Подали фотографическую карточку кудрявого парня, по виду рабочего.
– Впервые имею удовольствие видеть.
– А если я вам скажу, что это лицо призналось в знакомстве с вами?
– Значит кто-нибудь из вас: вы, господин полковник, или это лицо, сказали ложь…
– Я попрошу вас быть поделикатнее! – заметил прокурор.
– Ну, извратили истину.
Полковник остановил на мне тяжелый, продолжительный взгляд. Я ответил тем же. Не сморгнул глазом. Я видел, что кроме «Писем» Миртова и подозрений у них ничего не имеется, и потому воспрянул духом и стал храбр и дерзок. Особенно меня обрадовала ложь относительно этого «Кудрявого», которого я, действительно, никогда в жизни не видал… А затем ни слова о нелегальной библиотеке, о наворованном шрифте, о членах нашего кружка… Ура! Я – в полной безопасности. Ротмистр пишет протокол, а прокурор о чем-то тихо совещается в отдалении с полковником. Видно, что прокурор раздражается. Это тоже прекрасней признак.
– А-а… Так вы, господин Тарханов, не желаете показать, что получили этот гектографированный экземпляр «Писем» Миртова от сына вашей хозяйки? – спросил издали полковник.
– Я, господин полковник, не могу клеветать на людей. Я вам повторяю, что купил их на рынке и сам отвечаю за свою любознательность. За это удовольствие я уже месяц сижу в башне… Не было бы обидно, если бы хотя успел прочитать…
– Не советую, молодой человек. Прекрасно, если вы говорите правду…

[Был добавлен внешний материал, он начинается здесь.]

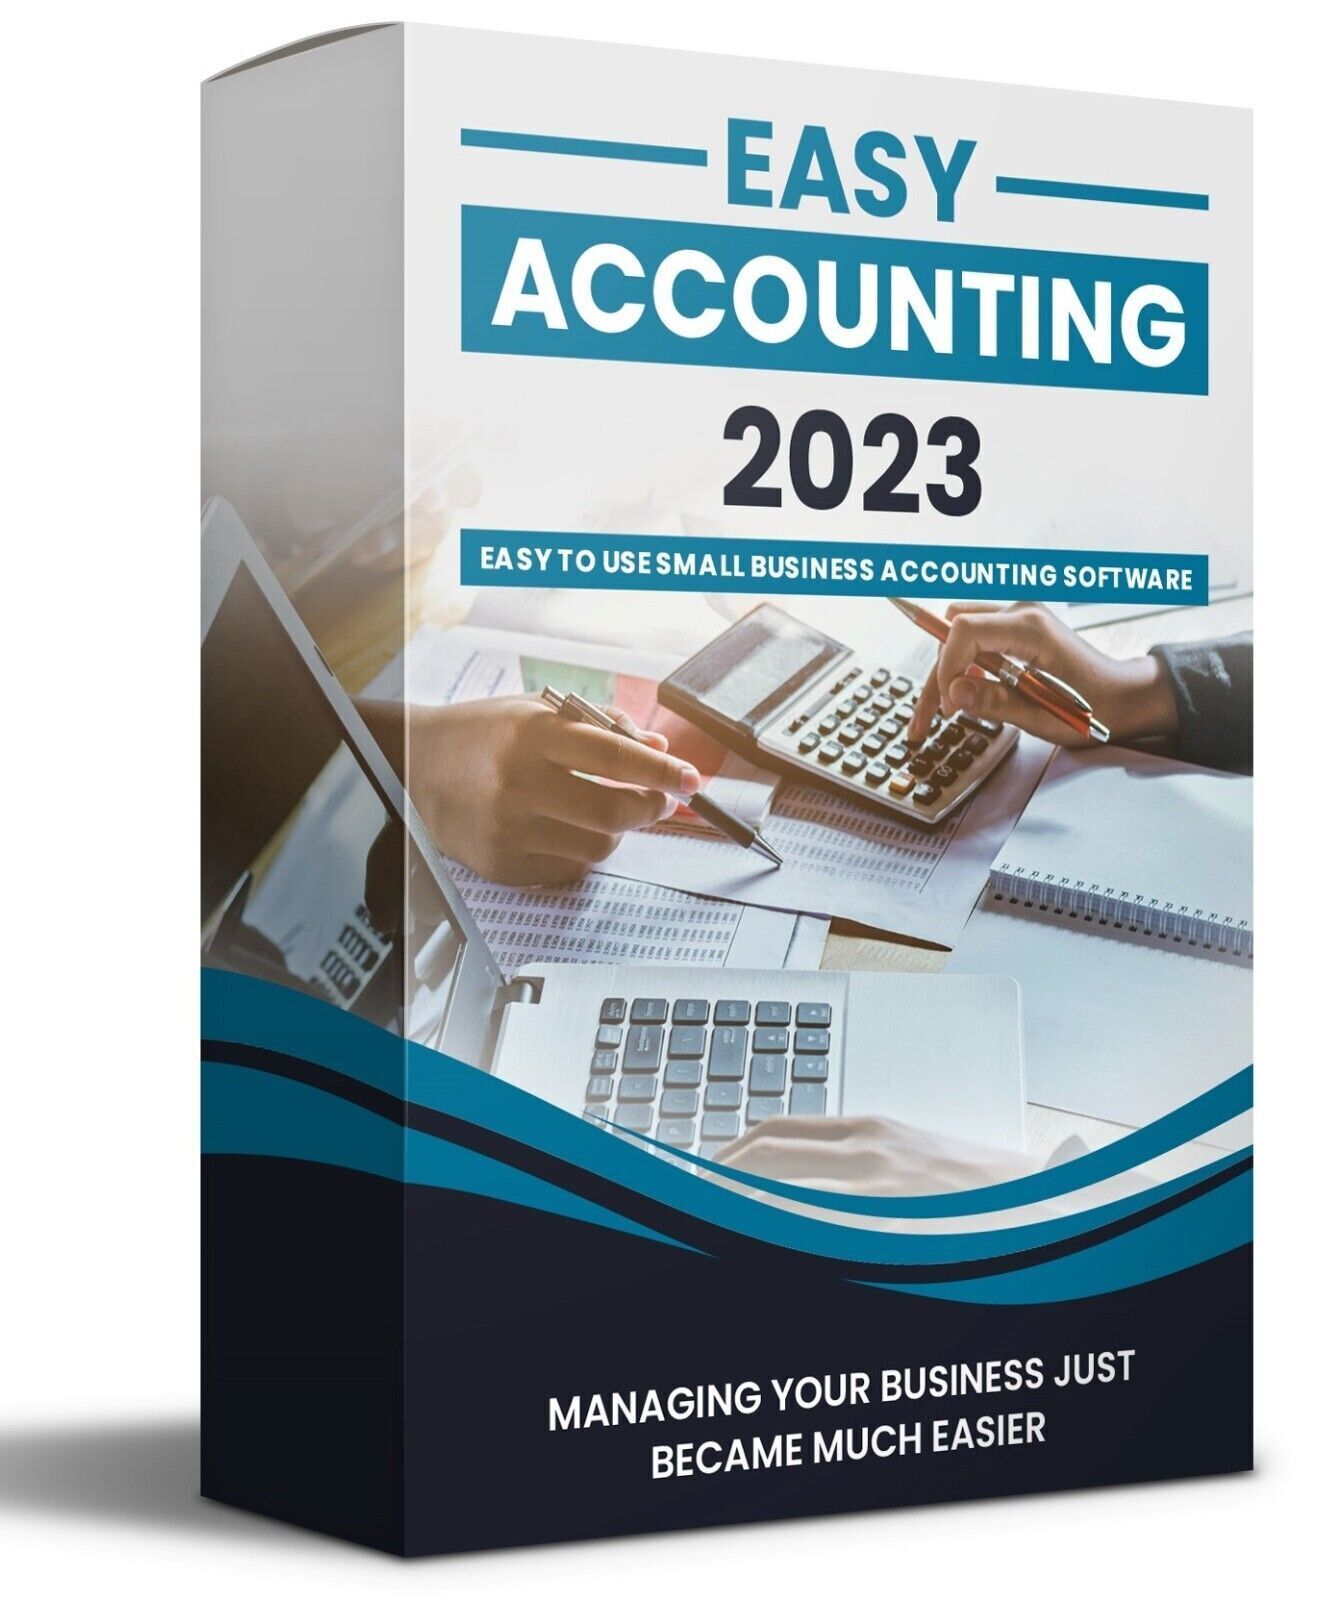 Accounting Small Business Accounts Software App Bookkeeping Tax Filing IRS

И полковник начал отеческое внушение: он говорил о престарелой матери, о гибельных и лживых увлечениях молодежи, о строгих карах и бедствиях в будущем. Я сделал кроткий вид и тихо прошептал:
– Ко мне это не относится… Не понимаю вашего сожаления…
– Вы вот собираетесь, молодой человек, жениться без согласия матушки. Я имел удовольствие познакомиться с вашей невестой. Дай Бог, чтобы ваш выбор был удачен, но скажу одно: эта девушка дерзка и…
– Господин полковник!.. Это к делу не относится.
Полковник рассмеялся, прокурор – тоже. Я сейчас же этим воспользовался.
– Я прошу свидания с невестой и матерью, о разрешении иметь книги, бумагу, чернила…
– Получите… А свиданье я могу вам дать… Ммм… Воскресенье, в двенадцать дни.